Stagnating electrification: Electrification of key sectors, considered the most efficient route to decarbonisation, is progressing too slowly across the continent.
Negative power prices: Rising hours of negative electricity prices have made PPA negotiations more complex and highlight the need for short-term energy storage solutions.
PPAs Remain Critical for Decarbonisation and Industry
PPAs are a key pillar of the EU’s Clean Industrial Deal, providing price certainty to industries while enabling financing for new solar and wind projects. Without strong PPA uptake, analysts warn Europe risks losing industrial competitiveness and missing climate targets.

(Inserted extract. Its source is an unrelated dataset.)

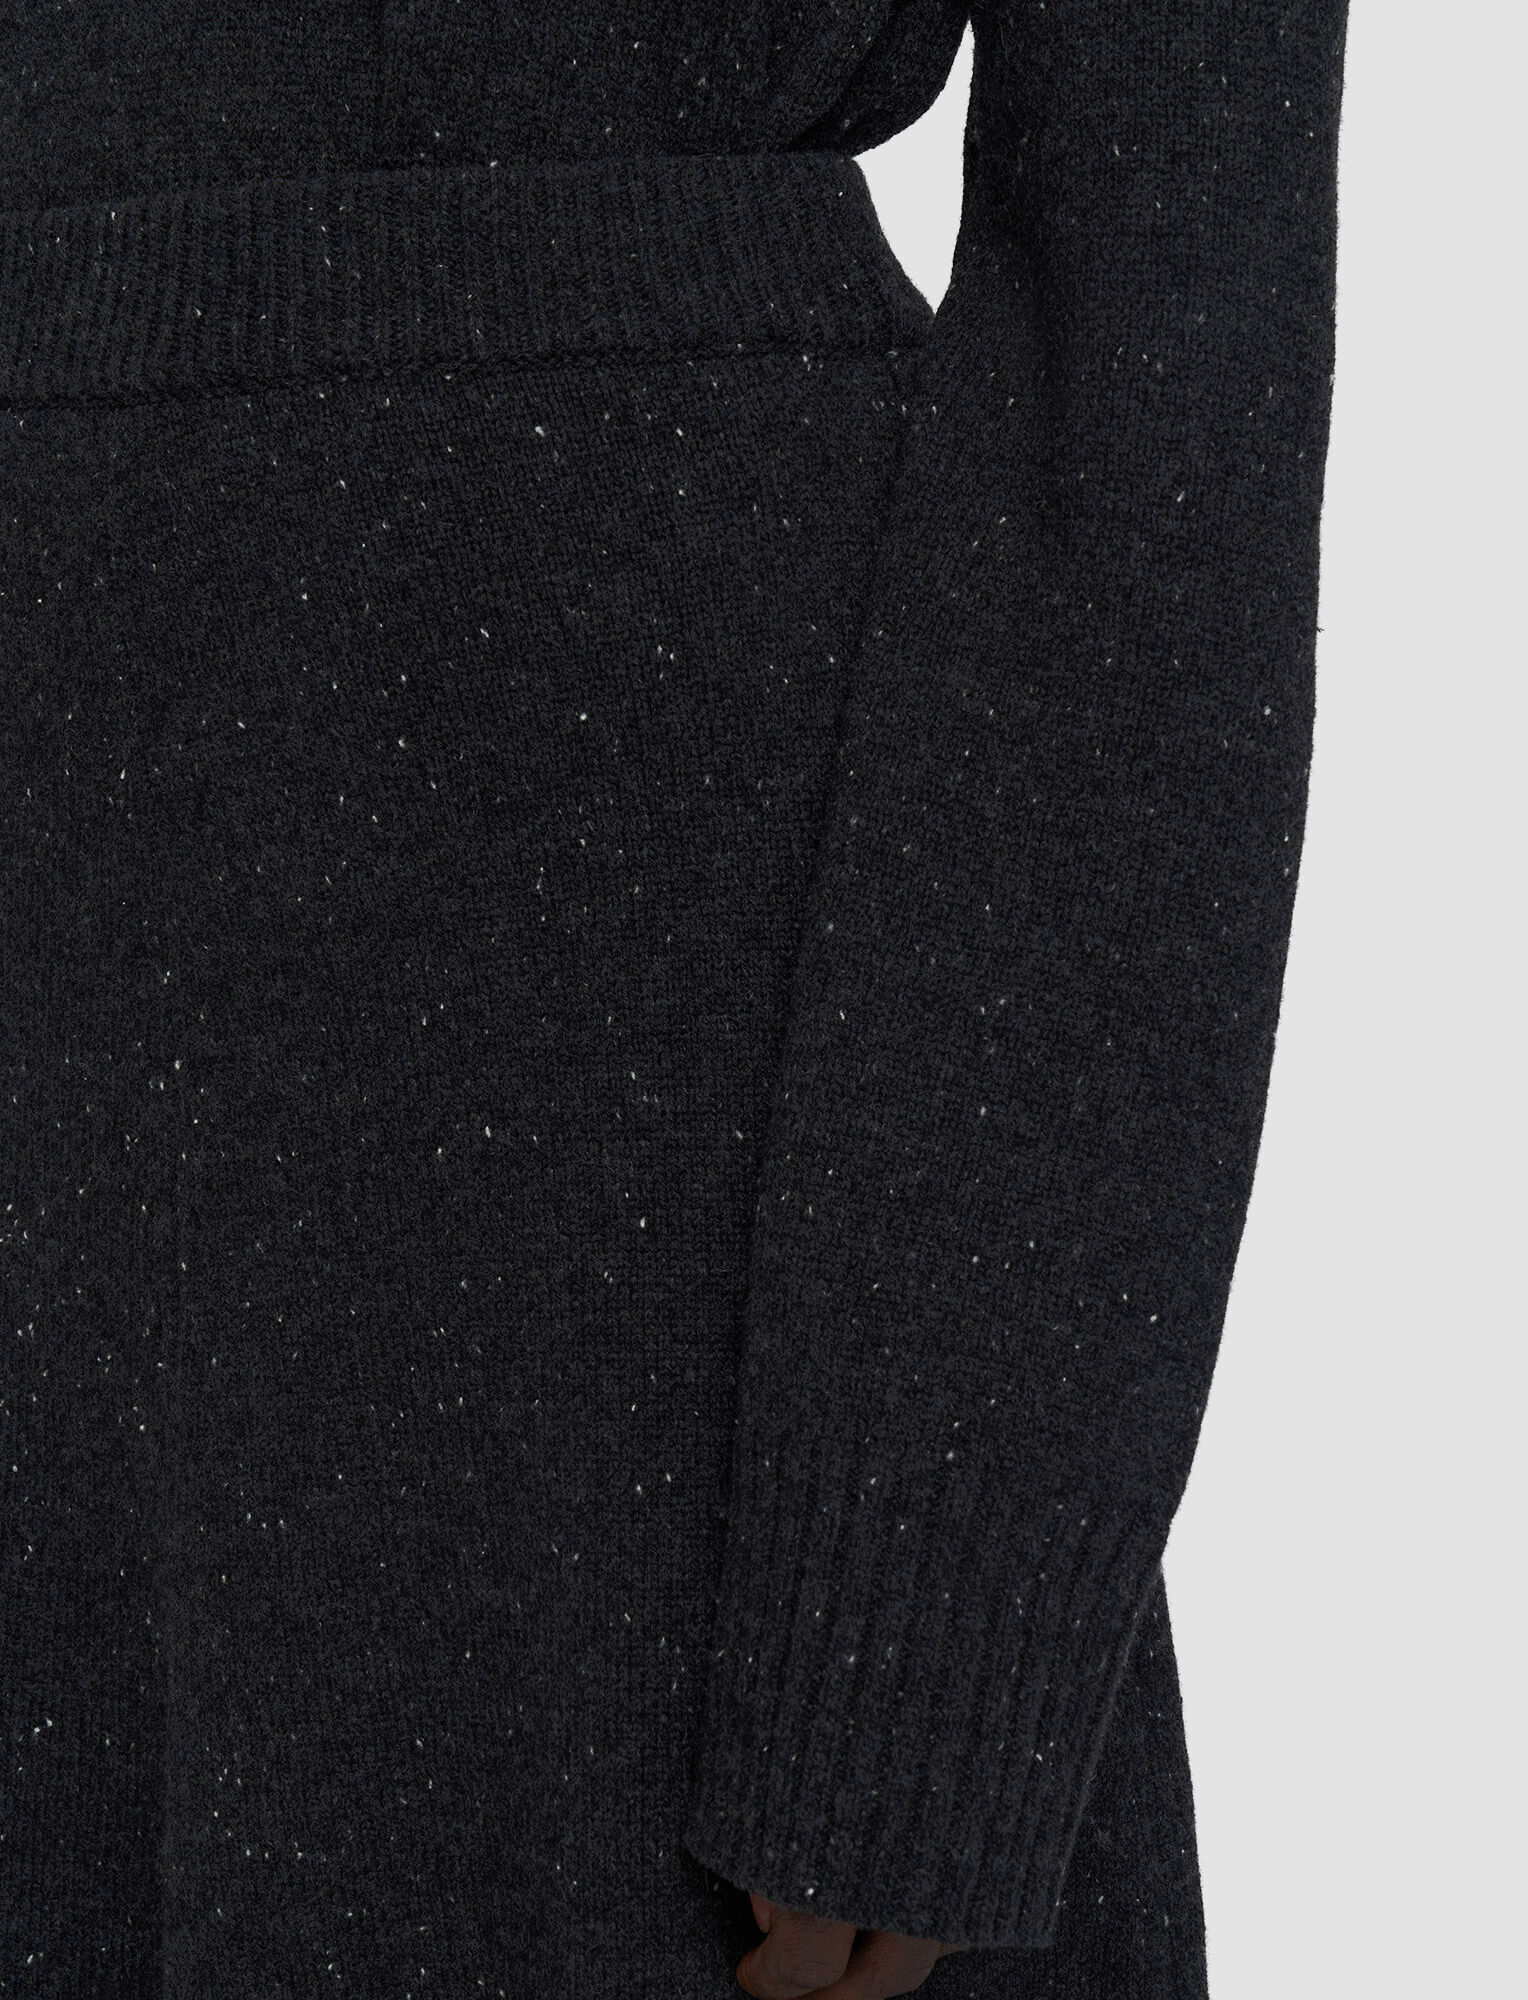 Joseph, Tweed Knit Skirt, in Black

EU Steps In with Policy and Financial Support
To revive market momentum, the European Commission and financial institutions have announced new measures:
Updated State Aid Rules: Under the Clean Industrial Solutions Aid Framework (CISAF), national governments can provide temporary electricity price relief to energy-intensive sectors that invest in renewables, storage, or direct electrification through PPAs.
EIB’s €500 Million Pilot Scheme: The European Investment Bank is launching a support programme for corporate PPAs, focusing on mid-sized companies.
Tripartite Contract Model: The European Commission is considering contracts where governments act as third-party guarantors for offshore wind and hybrid solar-plus-storage projects, reducing risk for both developers and buyers.
Despite the current slowdown, industry stakeholders stress that PPAs remain essential to Europe’s clean energy future, and swift action on grids, permitting, and electrification will be crucial to restore investor confidence.